A Unified Framework for Analyzing Meta-algorithms in Online Convex Optimization
Mohammad Pedramfar, Vaneet Aggarwal
TL;DR
This work tackles online convex optimization across diverse feedback types and adversaries by proposing a unified meta-algorithm framework that converts algorithms between settings (e.g., full-information, semi-bandit, bandit) and between first-order and zeroth-order feedback. The authors establish core connections, such as that semi-bandit online linear optimization for fully adaptive adversaries extends to online convex optimization, and show how to turn full-information solutions into semi-bandit or bandit ones with preserved regret. They introduce smoothing-based gradient estimators and two-point gradient techniques (e.g., FOTZO and FOTZO-2P) and derive regret bounds that recover many known results with simplified proofs, plus new deterministic zeroth-order guarantees (adaptive regret $O(\sqrt{T})$ and static regret $O(\log T)$ for strongly convex cases). The framework thus unifies prior results, facilitates cross-setting transfers, and provides a pathway to novel meta-algorithms applicable to non-convex problems as well. Overall, the work offers a principled, scalable approach to analyzing and designing meta-algorithms in online optimization with broad theoretical and practical impact.
Abstract
In this paper, we analyze the problem of online convex optimization in different settings, including different feedback types (full-information/semi-bandit/bandit/etc) in either stochastic or non-stochastic setting and different notions of regret (static adversarial regret/dynamic regret/adaptive regret).

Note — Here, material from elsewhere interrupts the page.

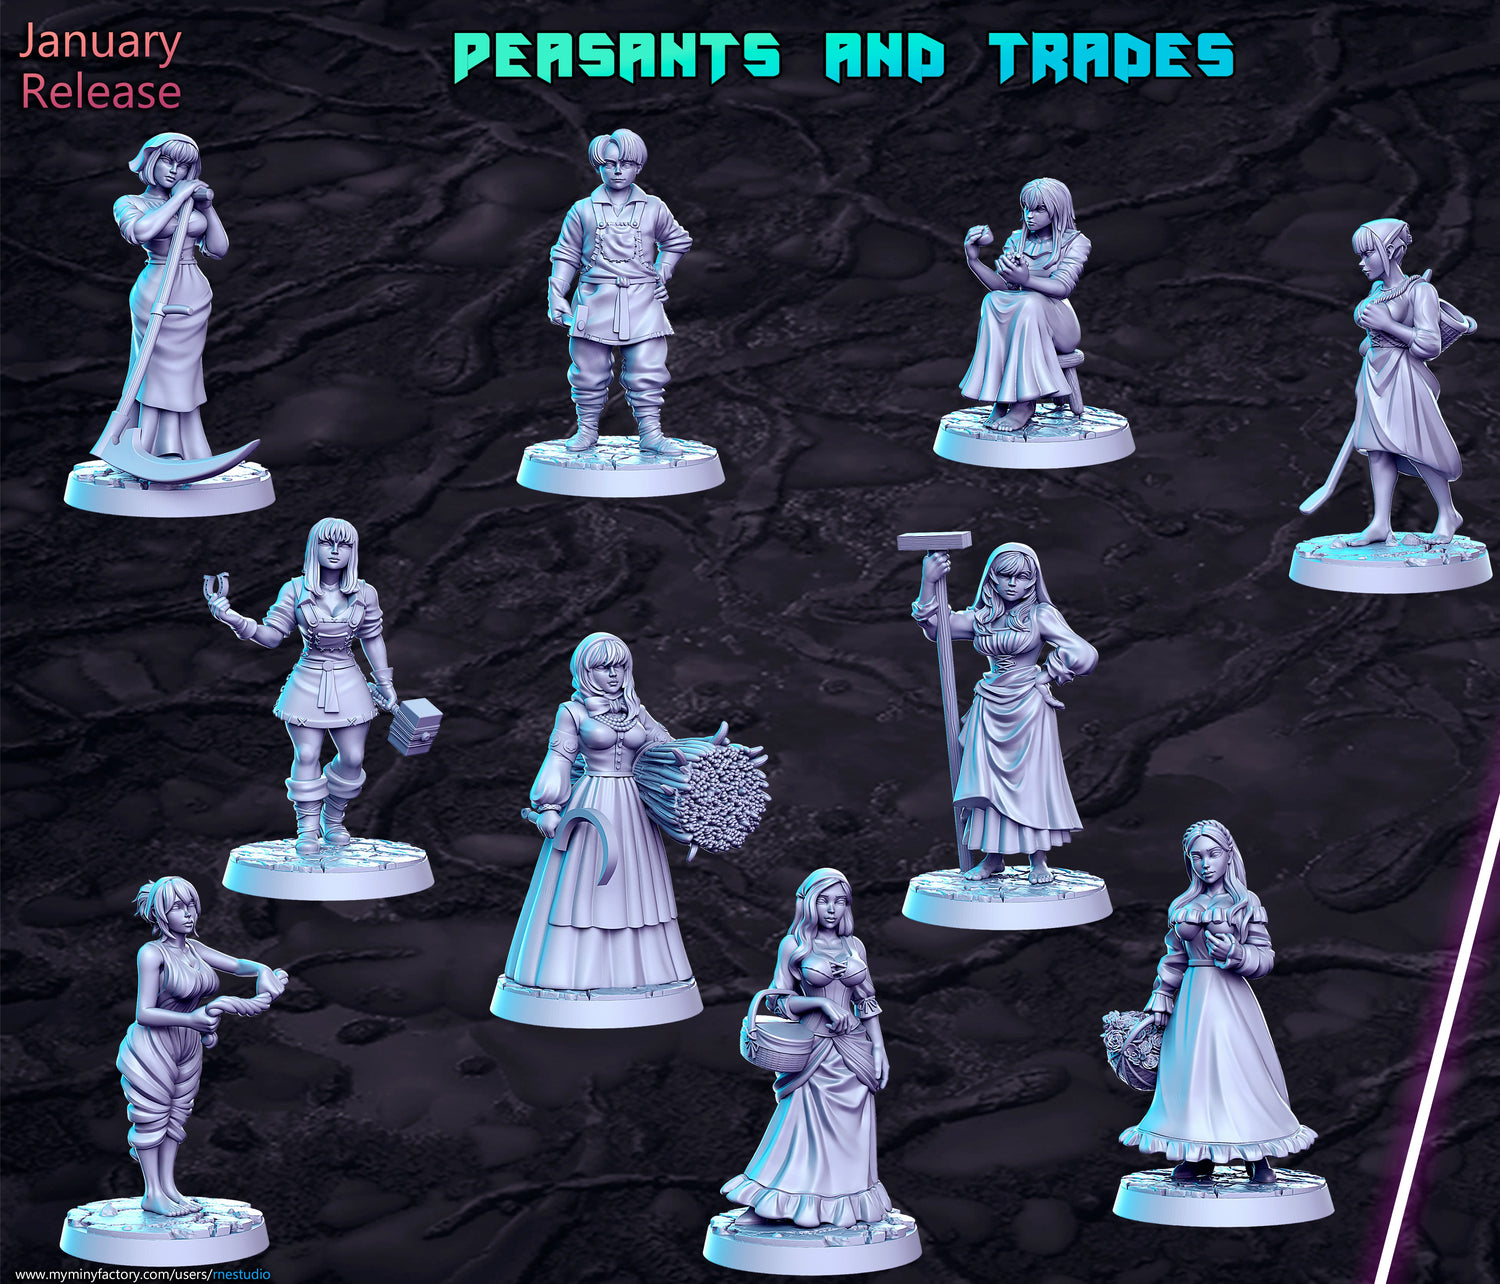 Peasants and Trades

This is done through a framework which allows us to systematically propose and analyze meta-algorithms for the various settings described above. We show that any algorithm for online linear optimization with deterministic gradient feedback against fully adaptive adversaries is an algorithm for online convex optimization. We also show that any such algorithm that requires full-information feedback may be transformed to an algorithm with semi-bandit feedback with comparable regret bound. We further show that algorithms that are designed for fully adaptive adversaries using deterministic semi-bandit feedback can obtain similar bounds using only stochastic semi-bandit feedback when facing oblivious adversaries. We use this to describe general meta-algorithms to convert first order algorithms to zeroth order algorithms with comparable regret bounds. Our framework allows us to analyze online optimization in various settings, recovers several results in the literature with a simplified proof technique, and provides new results.